Он-то думал отвоёвывать придётся.
– Это я, – сказал Иван, взглянув, – Почему?
– Почему нет? Ты такой... Не знаю. Тебя хочется рисовать. Даже если выходит не очень.
– Художественно выразительный? – с усмешкой предположил Иван.
– Ага, типа того.
Согласился без улыбки, серьёзно. Иван опустил глаза. Он на листе отличался от Мизи. Мизи на рисунках Тилла всегда смеялась. Он же выглядел задумчивым, глядя в сторону.

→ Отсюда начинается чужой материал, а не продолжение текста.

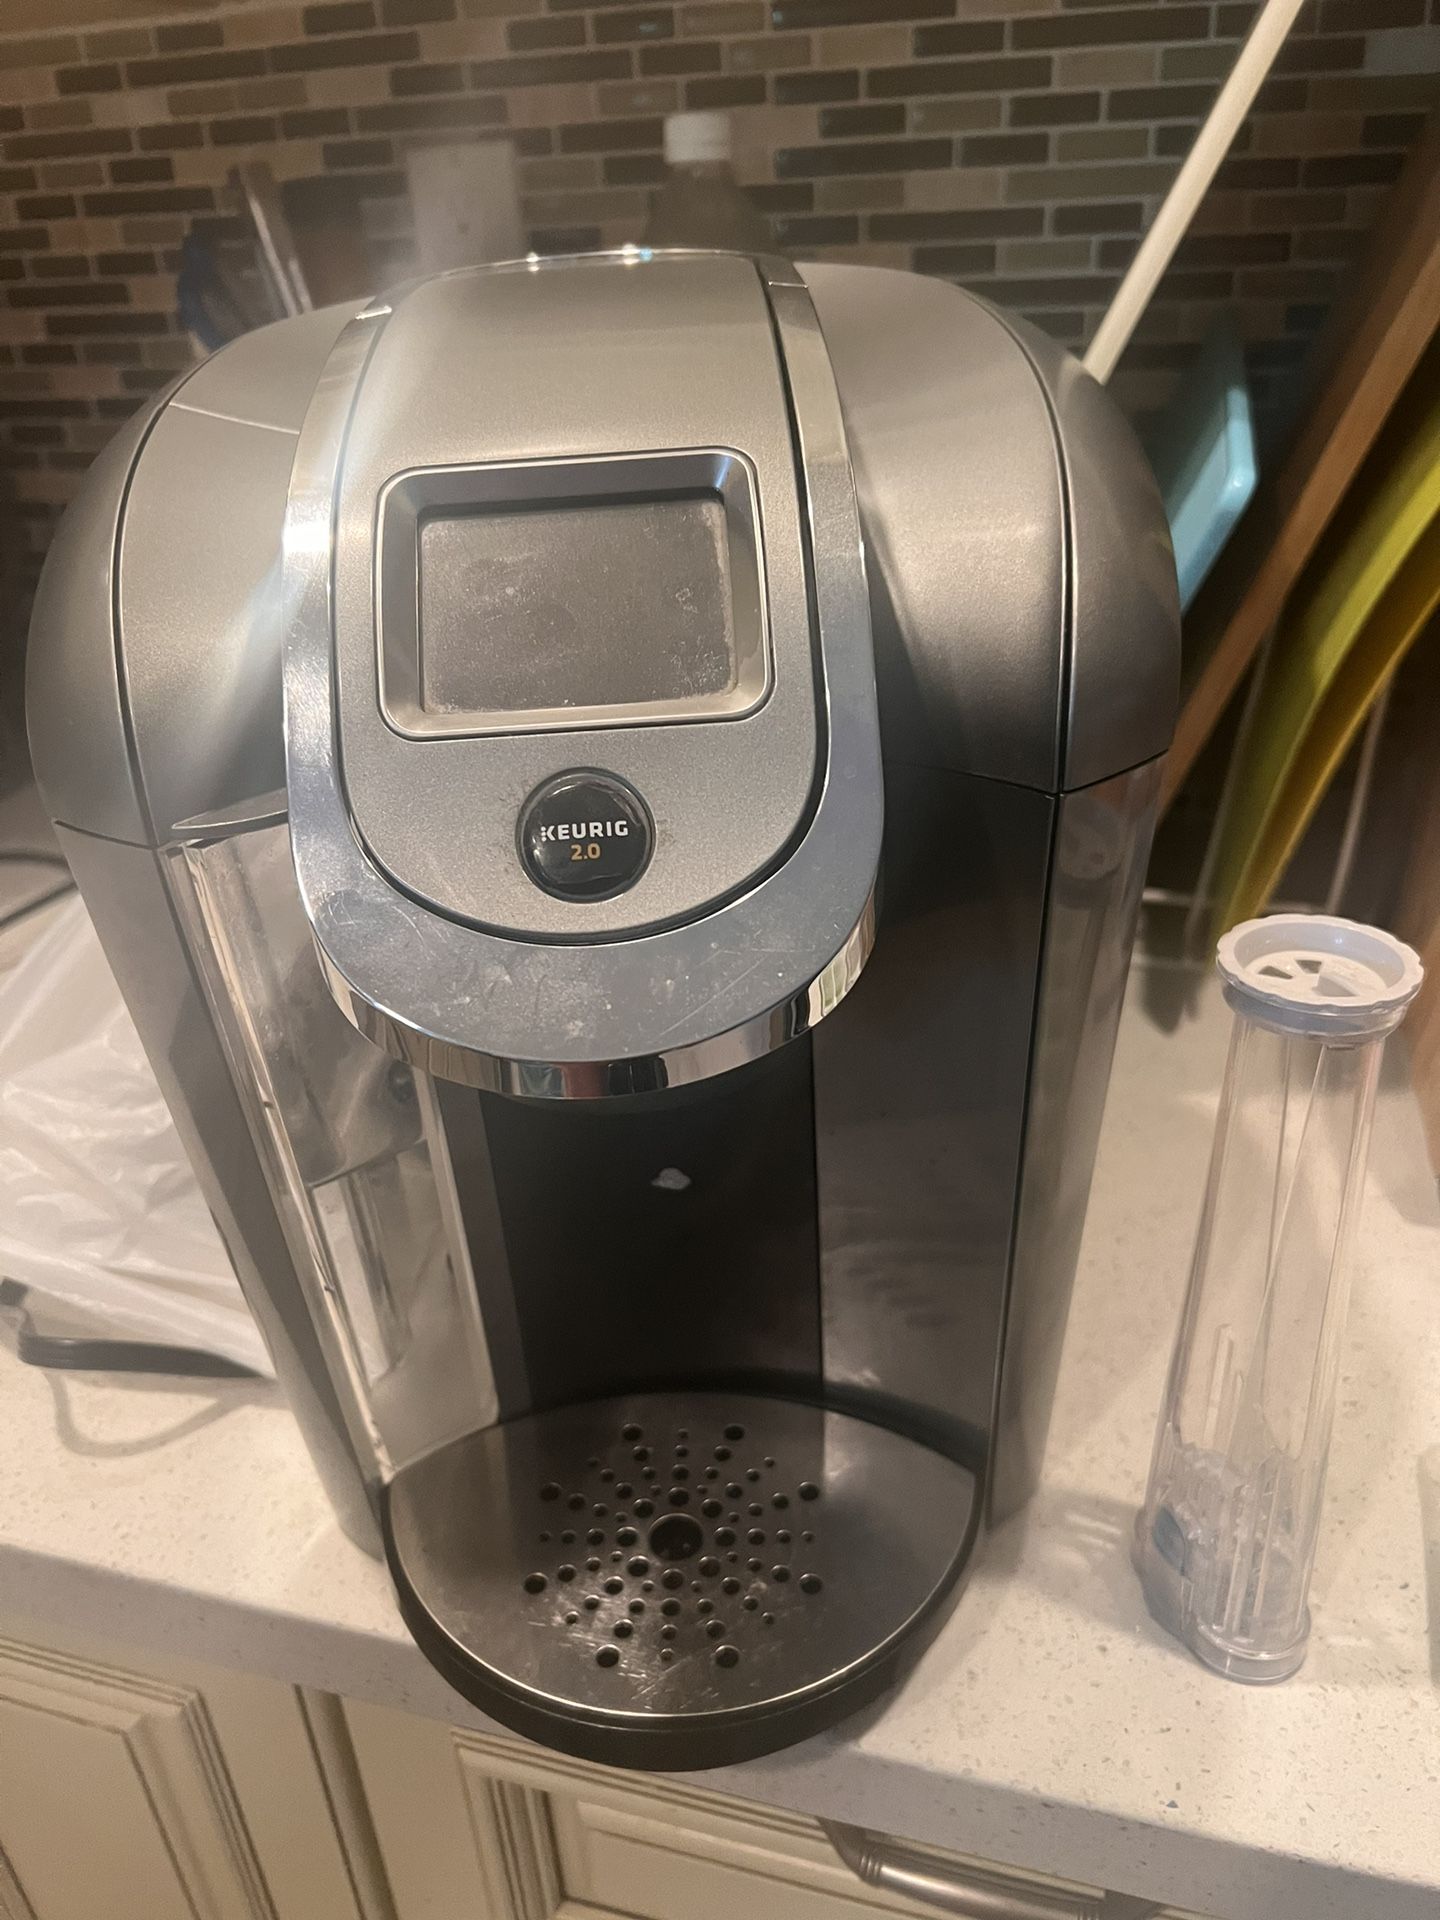 Keurig 2.0 K-cup coffee maker

– Я долго не мог рисовать, – сказал Тилл, – Сходил в одно место, увидел, как надо это делать. С тех пор не выходило ничего. Не нравилось. А сейчас, стоит подумать о тебе, и руки сами тянутся.
***
Всё вокруг казалось слишком суетливым, слишком шумным. Ивану что-то втолковывали, что-то на нём поправляли, чего-то просили... Всегда так было? Вроде бы да, но откуда тогда бралось это чувство? Будто не хватало воздуха.
Надоело. Как же всё надоело.
***
– Я как-то спрашивал, хочешь ли ты работать в космосе, – вспомнил вдруг Иван, – Тогда ты сказал, времени не хватит. Что думаешь теперь?
– Всё равно не хочу, – отозвался Тилл, – Это дохрена далеко и долго. Меня дома не будет. Хотя, – вдруг задумался он, – если ты будешь со мной, то ничего. Можно было бы.
– Ха-ха, и что мне там делать?
– Не знаю. Что-нибудь. Лапшу продавать.
– Почему лапшу?
– Эй, – Тилл слегка пихнул его в бок, – сказал, что в голову пришло. Не докапывайся. И вообще, обычная работа. Я тоже лапшу продавал как-то раз. Потом перевернул миску на одного мудака и меня уволили, но неважно. Пока я этого не сделал, было, в целом, нормально.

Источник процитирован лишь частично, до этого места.